Martin and his support worker, Sobiah, walking home after stepping out to enjoy the sun.

When mum and I got the call to say Martin had been going on trips outside, we were so proud. It took many, many months of work for him to be able to go past the end of his drive, so it was a really big deal.

It started with small steps; opening the windows and garden doors; stepping out to feel the grass under his feet for the first time in over a decade; venturing to the end of his road; and then, months later, even going to his local shop.

Now, Martin’s just been away on his first holiday! His Sense team arranged to take him to Sherwood Forest for a long weekend and seemed to do really well. He asked to go out every morning, he was loving the sounds of nature all around him.

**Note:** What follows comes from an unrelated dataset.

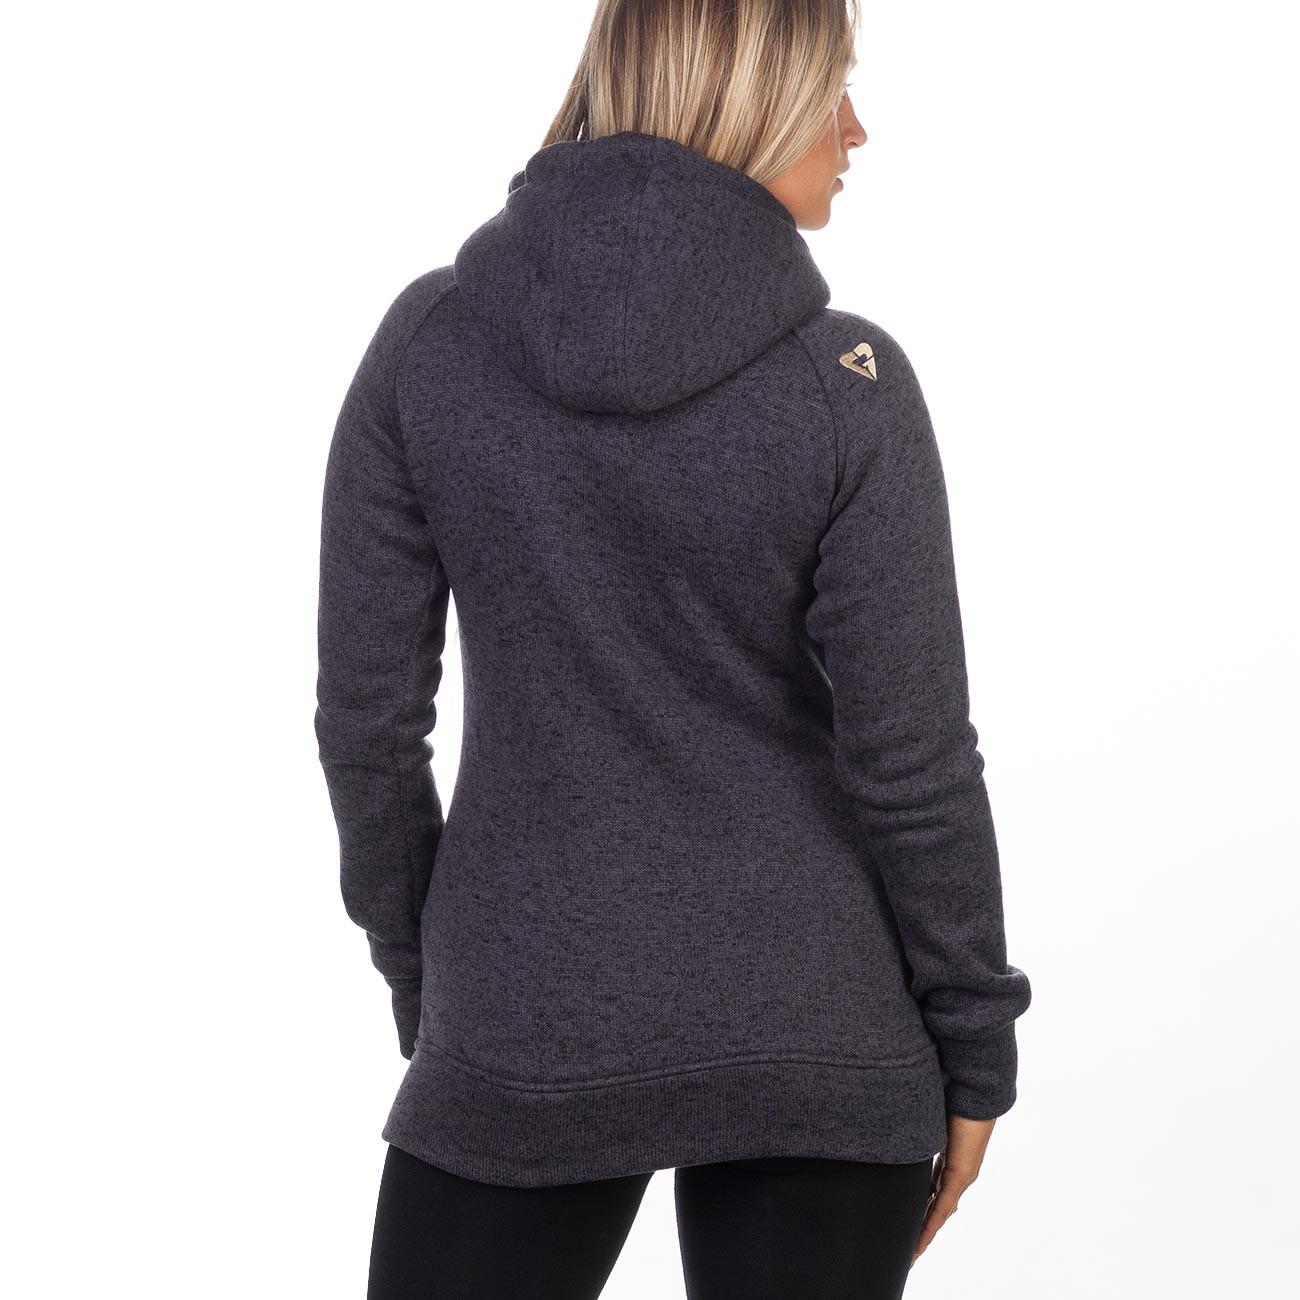 d1383a8540 Technická mikina Gravity Lola Sweater black heather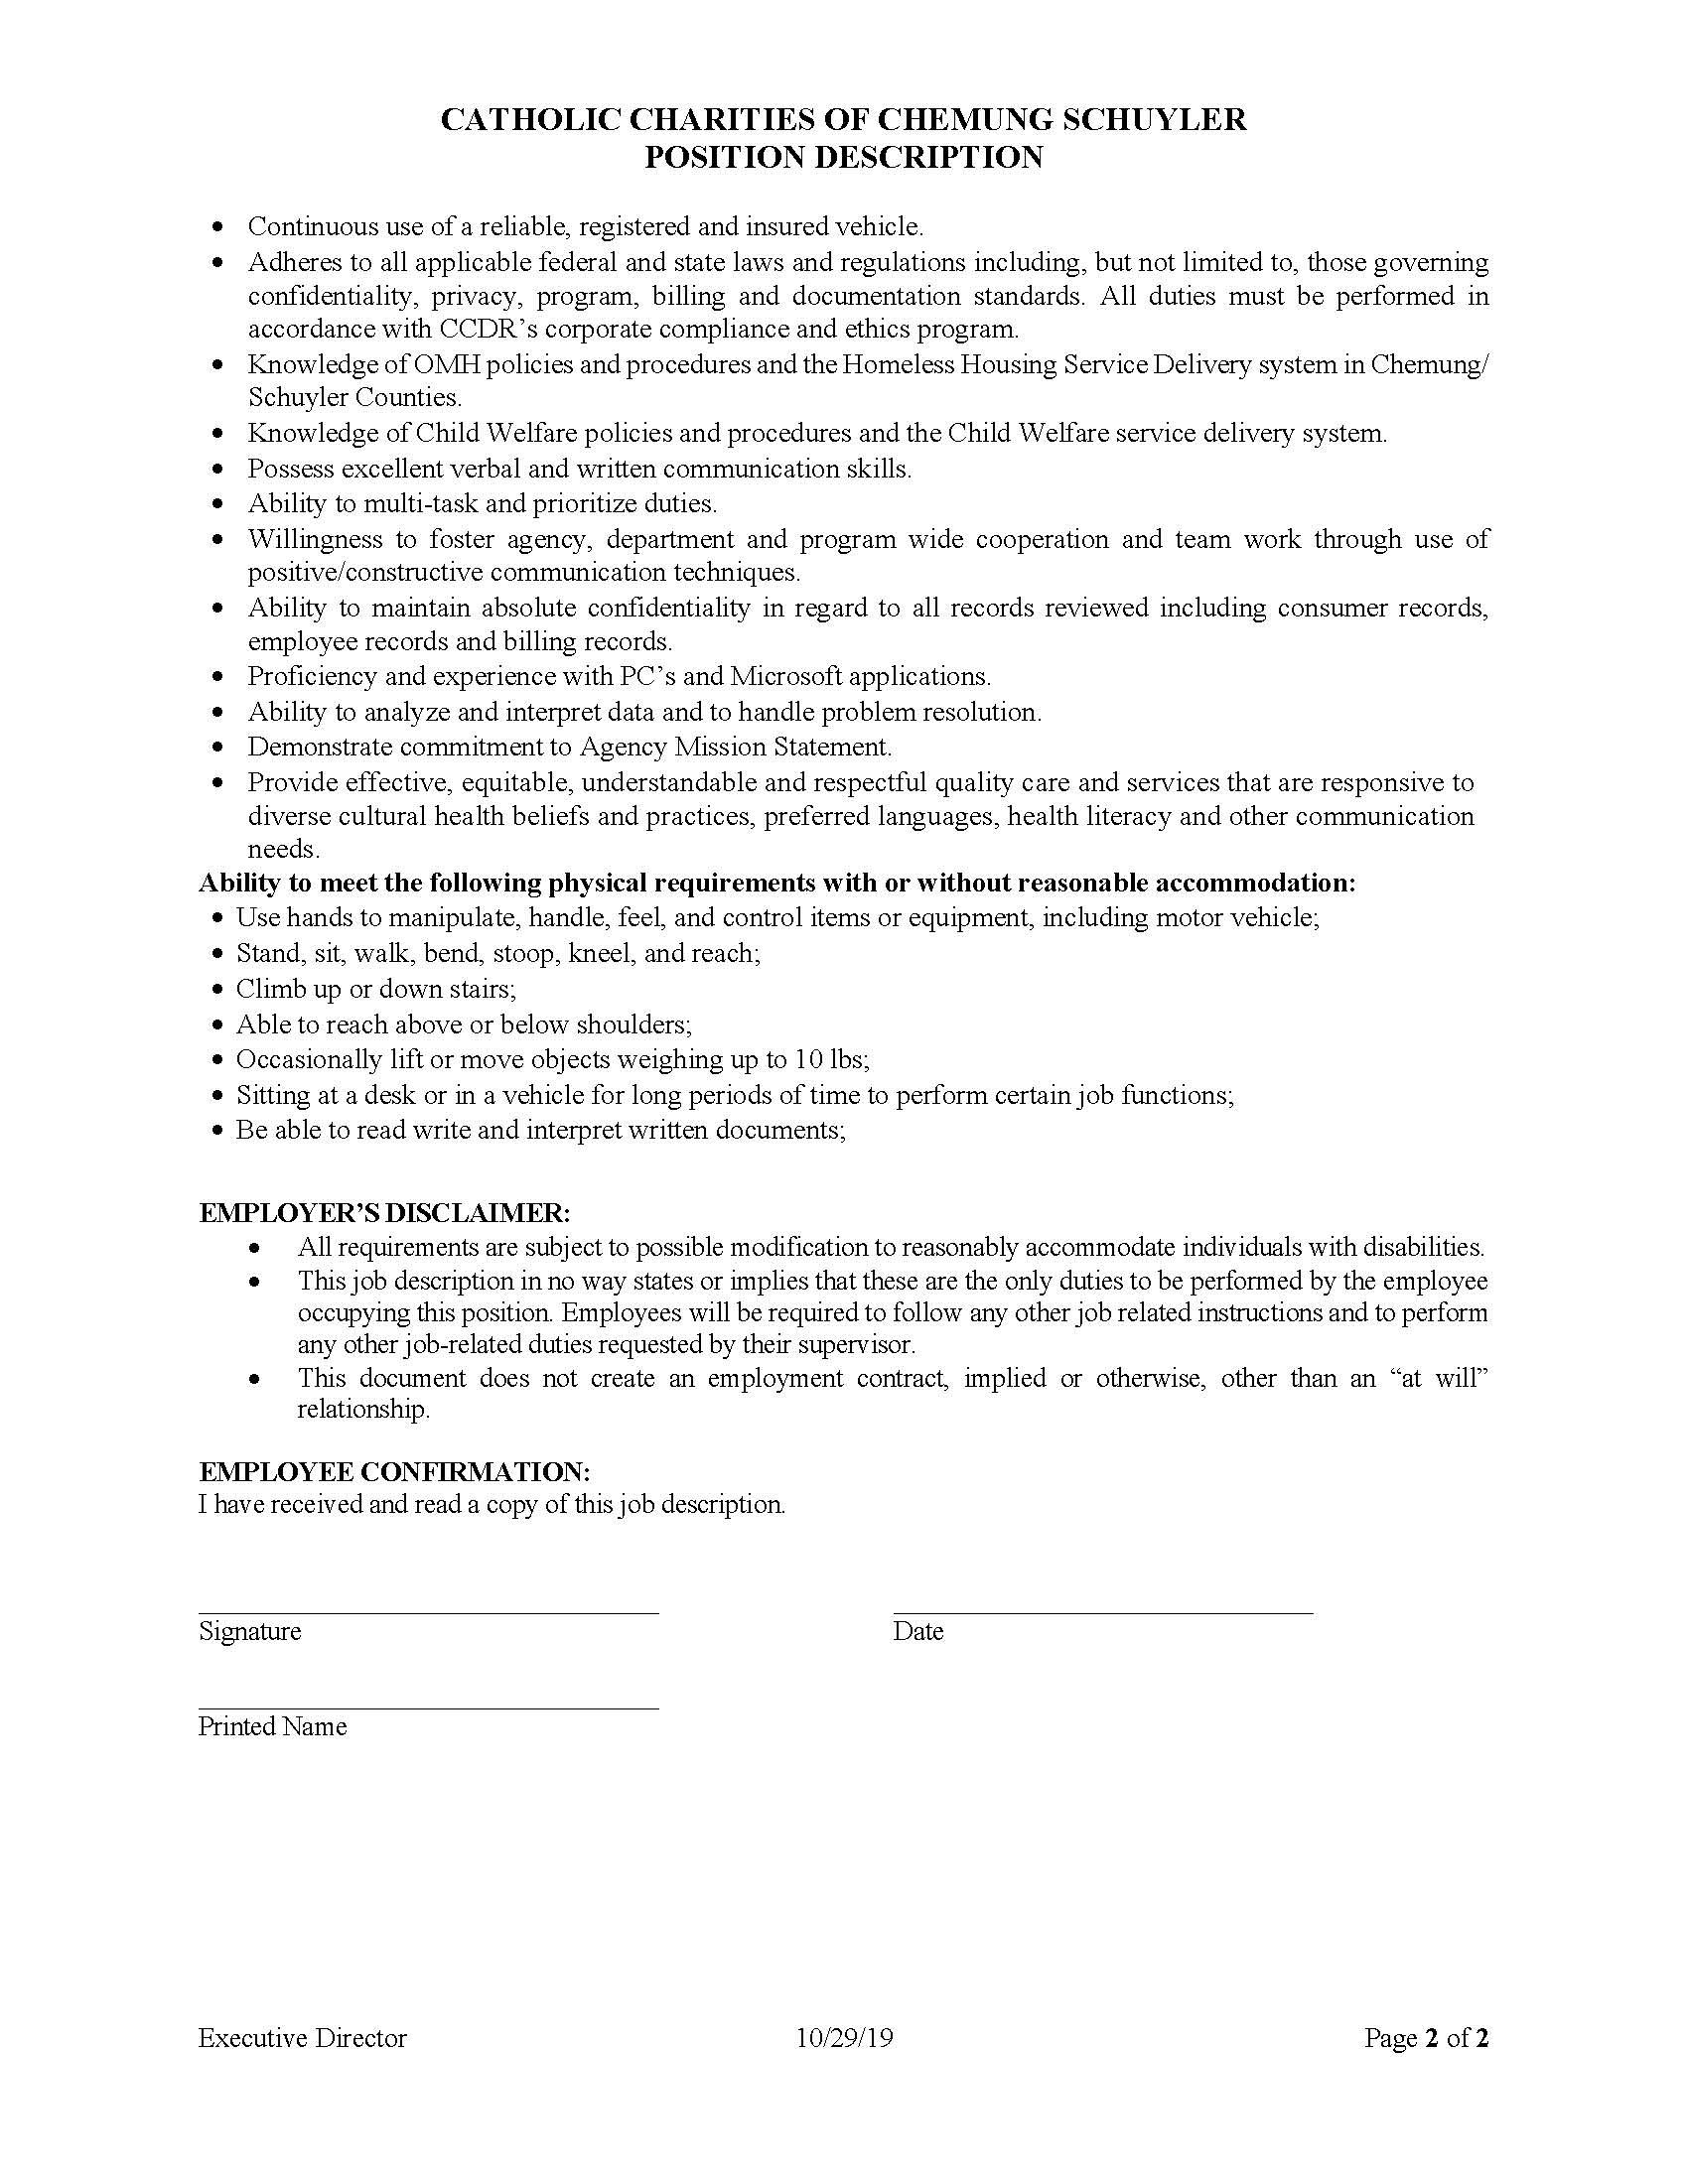 Executive Director Page 2 - Job Post: Catholic Charities of Chemung/Schuyler Executive Director

Sense send us updates on Martin’s progress all the time. Over the last few years, Martin’s been bowling, he’s been to Christmas pantos, he’s been out to restaurants – none of this was part of his life before.

What’s next for Martin? Well, I know his team have started planning a trip to the beach! So, we’re excited to see how that goes. He’ll also be coming to his mum’s for dinner soon – it’s been great to feel like our connection with Martin is growing stronger now that he’s in a better place.